==== Records for processing ====

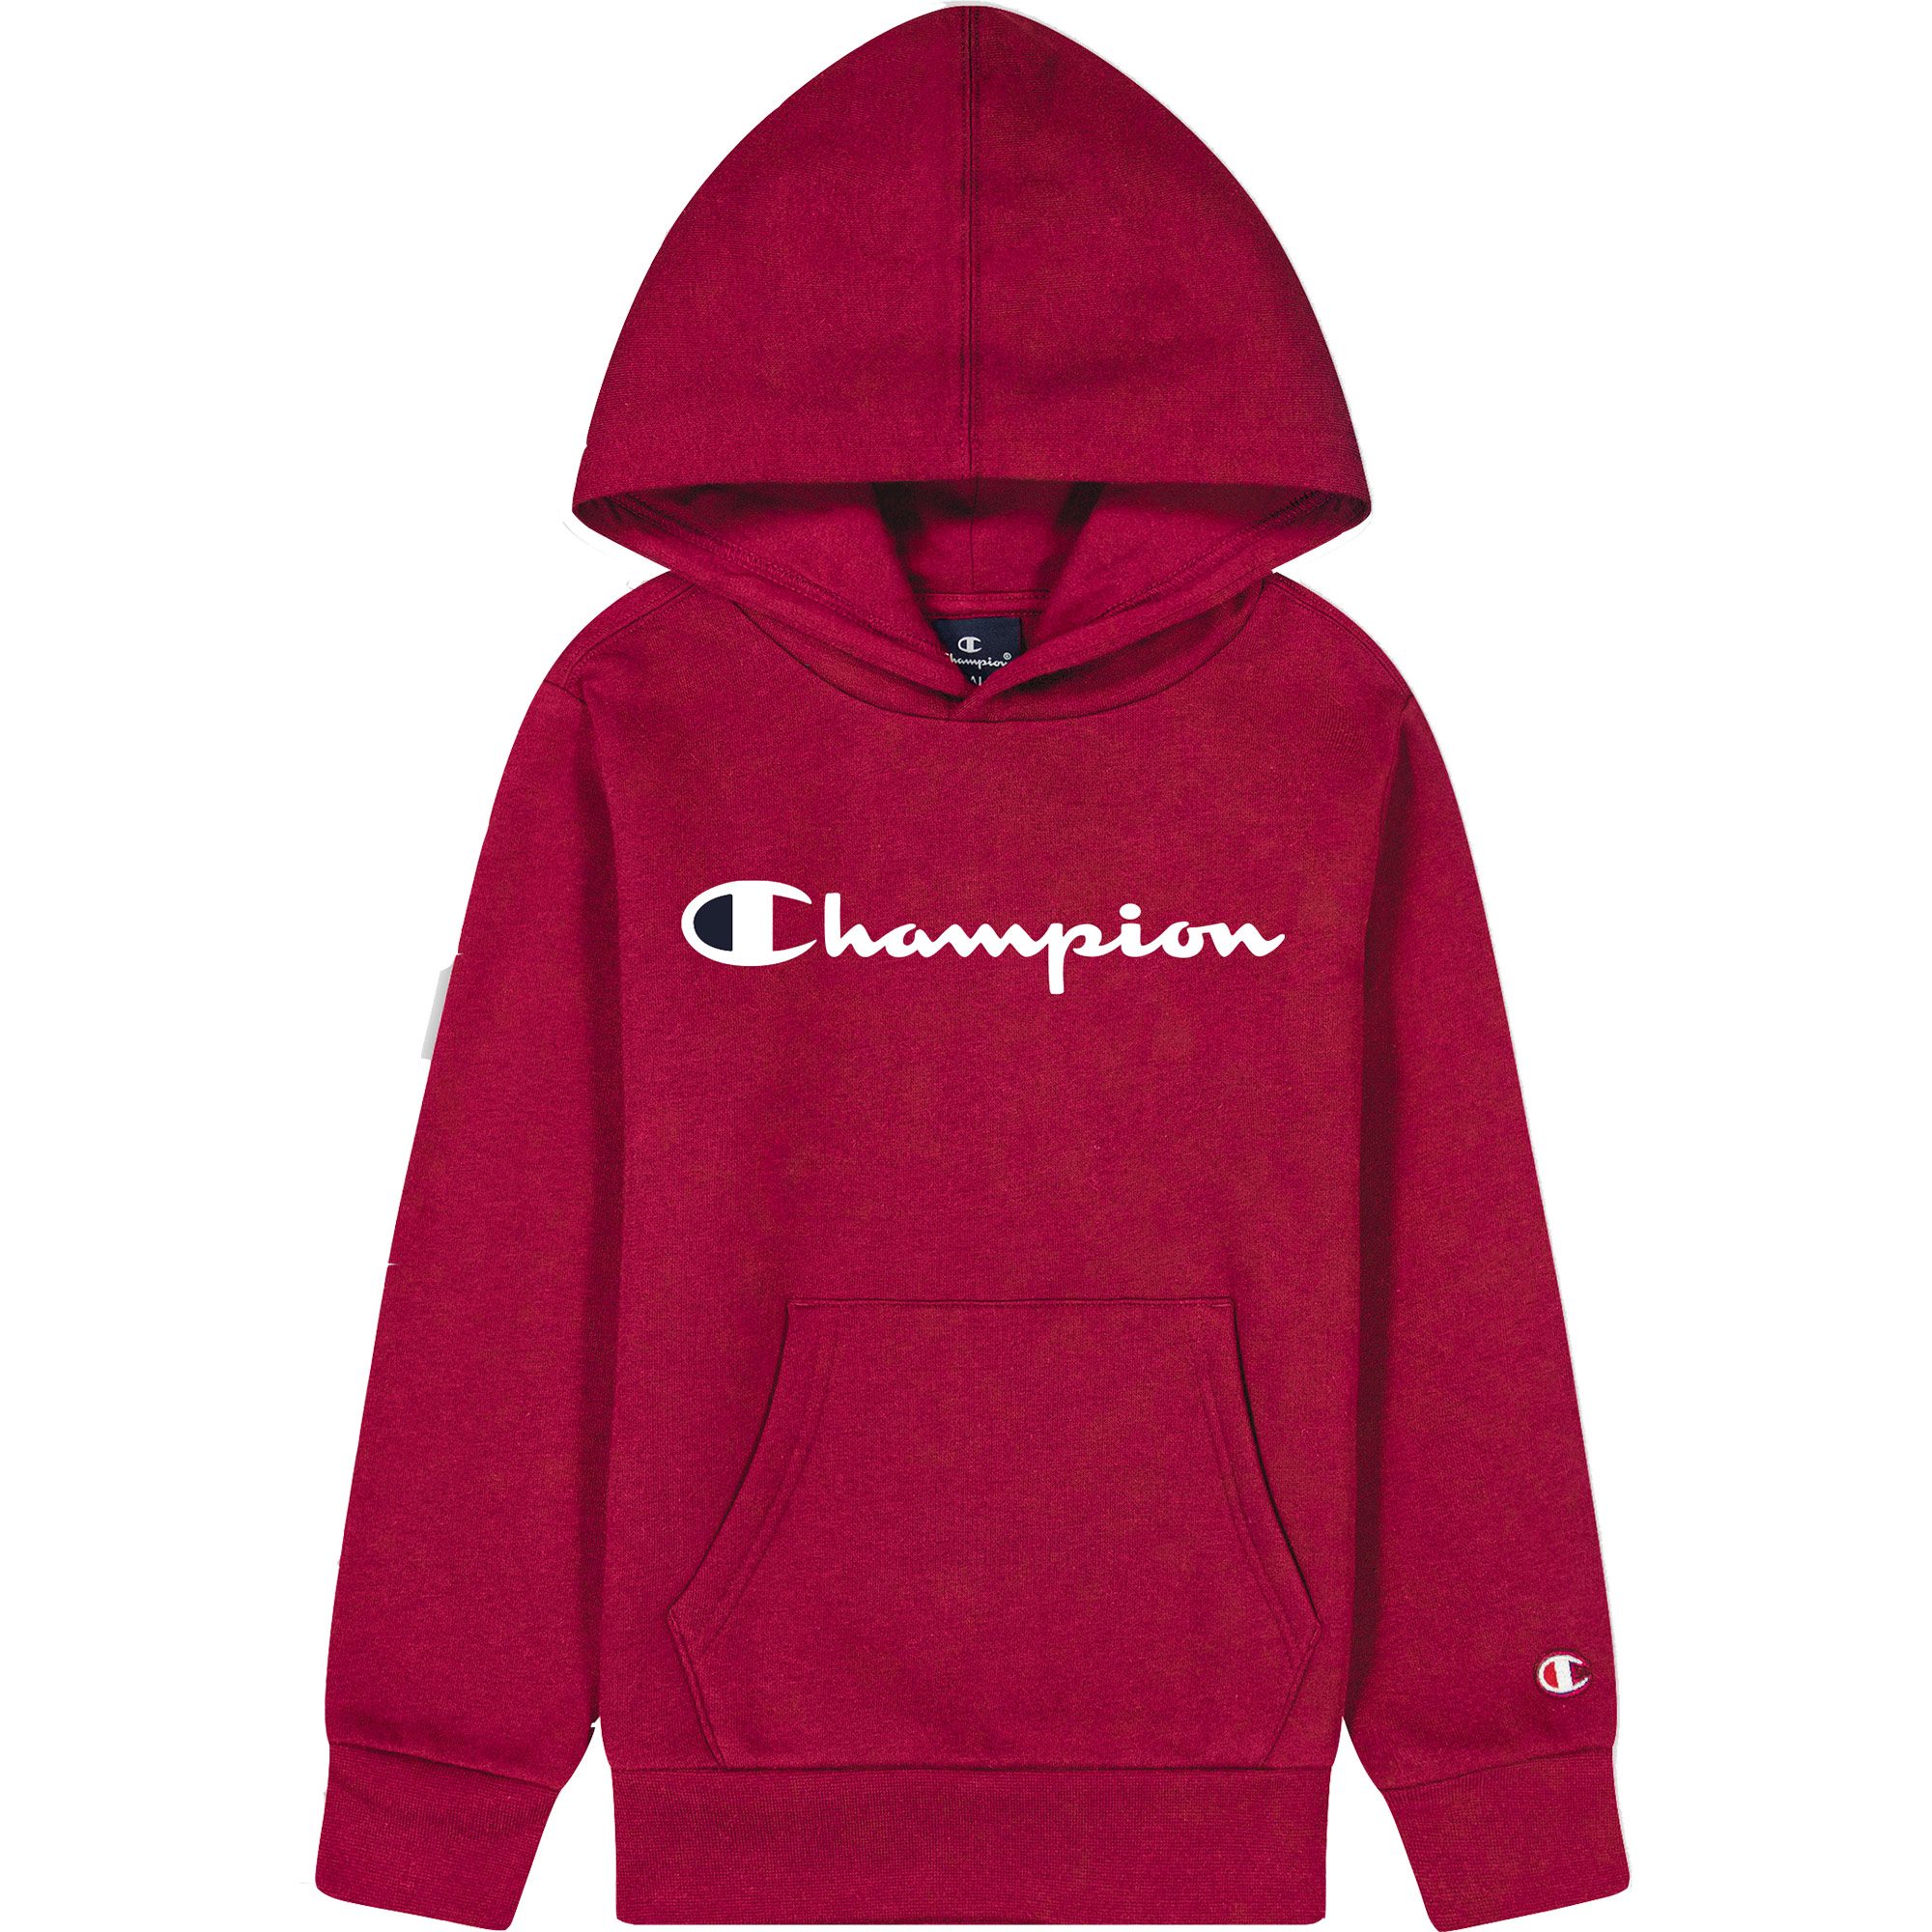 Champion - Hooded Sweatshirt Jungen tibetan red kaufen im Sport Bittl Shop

====
==== Records for processing ====

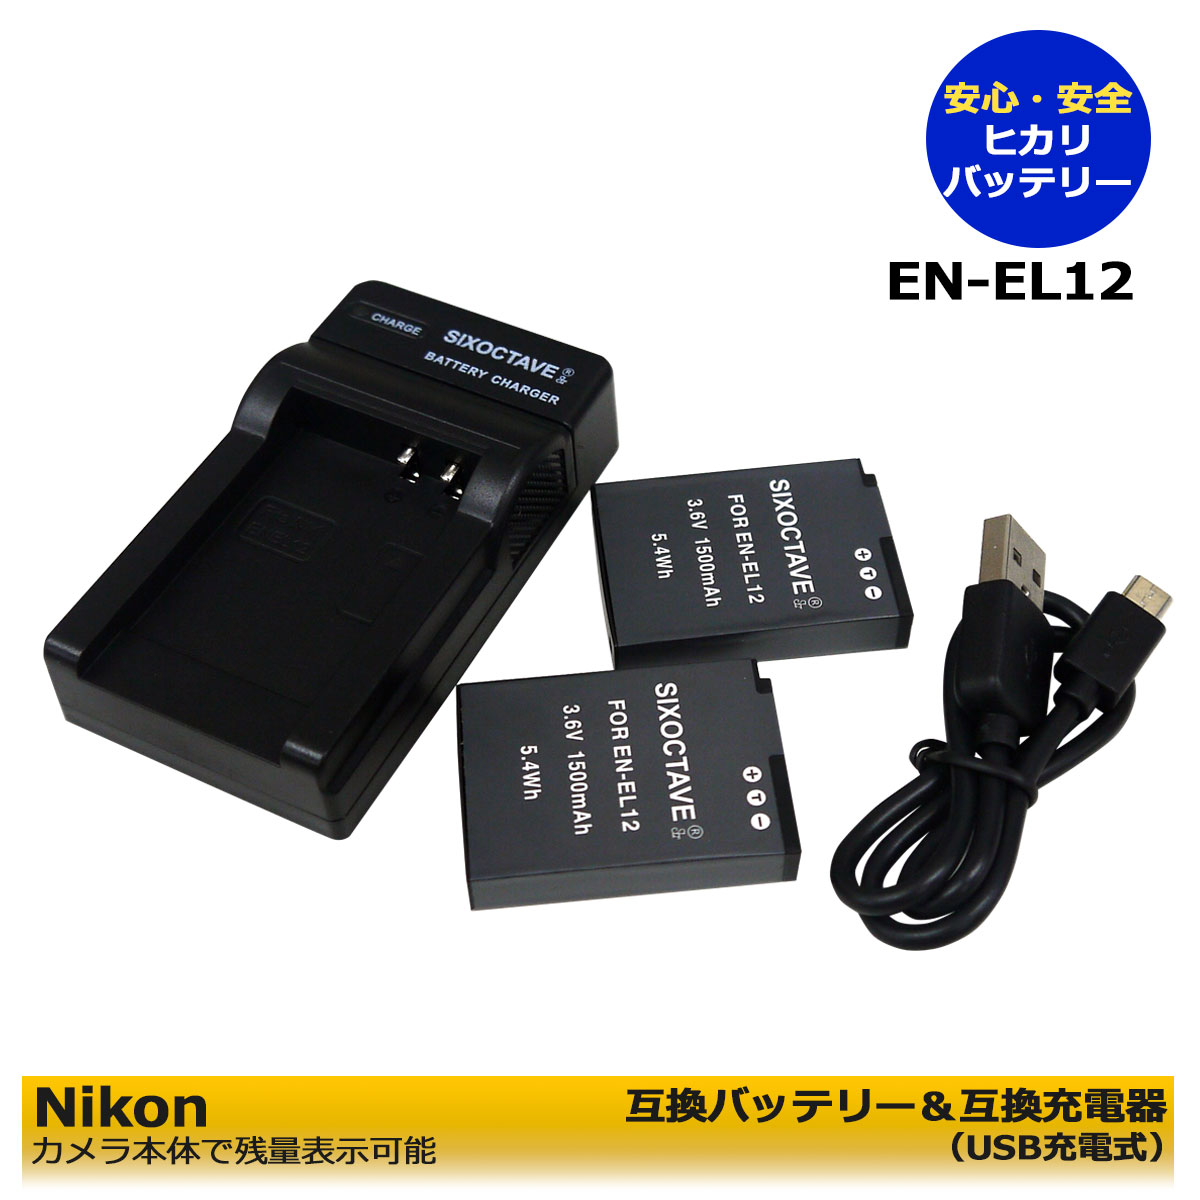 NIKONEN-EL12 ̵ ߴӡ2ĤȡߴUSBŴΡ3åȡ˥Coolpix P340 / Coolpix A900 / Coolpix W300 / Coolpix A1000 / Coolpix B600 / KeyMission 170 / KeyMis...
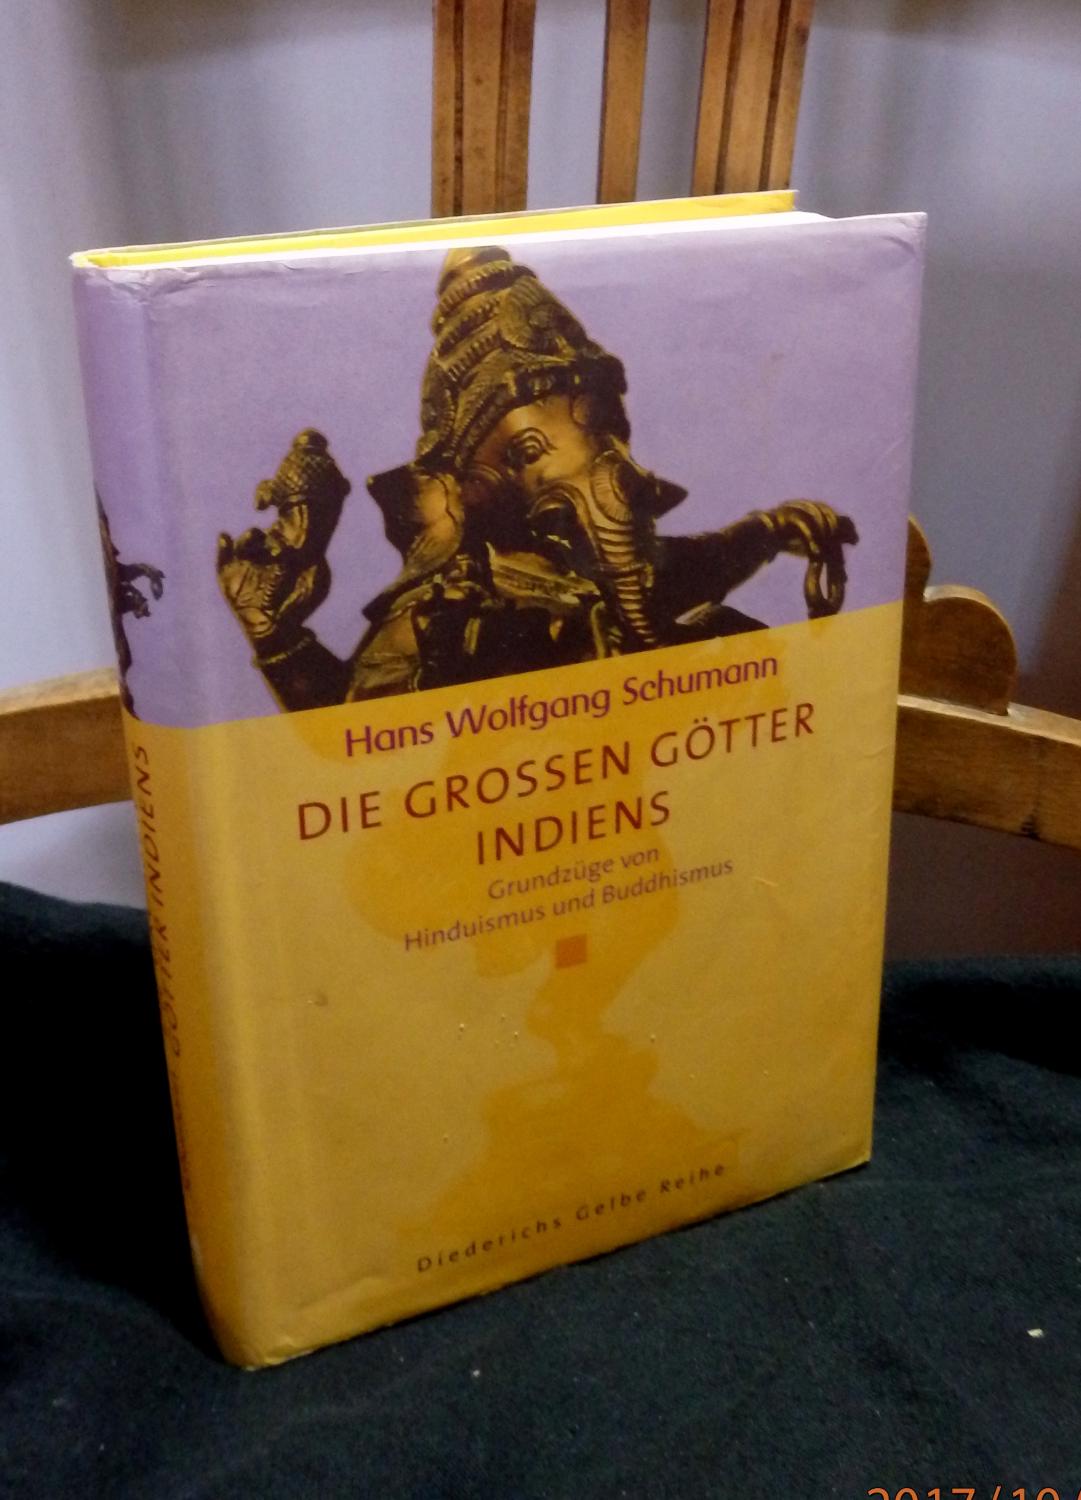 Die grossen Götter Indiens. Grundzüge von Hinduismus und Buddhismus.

====

Problem description: Take the material above from the line bearing "NIKONEN-EL12 ̵ ߴӡ2ĤȡߴUSBŴΡ3åȡ˥Coolpix" through the line bearing "Die grossen Götter" and write it out exactly, both end lines included. Pictures stay out.

Written solution:
 NIKONEN-EL12 ̵ ߴӡ2ĤȡߴUSBŴΡ3åȡ˥Coolpix P340 / Coolpix A900 / Coolpix W300 / Coolpix A1000 / Coolpix B600 / KeyMission 170 / KeyMis...
 Die grossen Götter Indiens. Grundzüge von Hinduismus und Buddhismus.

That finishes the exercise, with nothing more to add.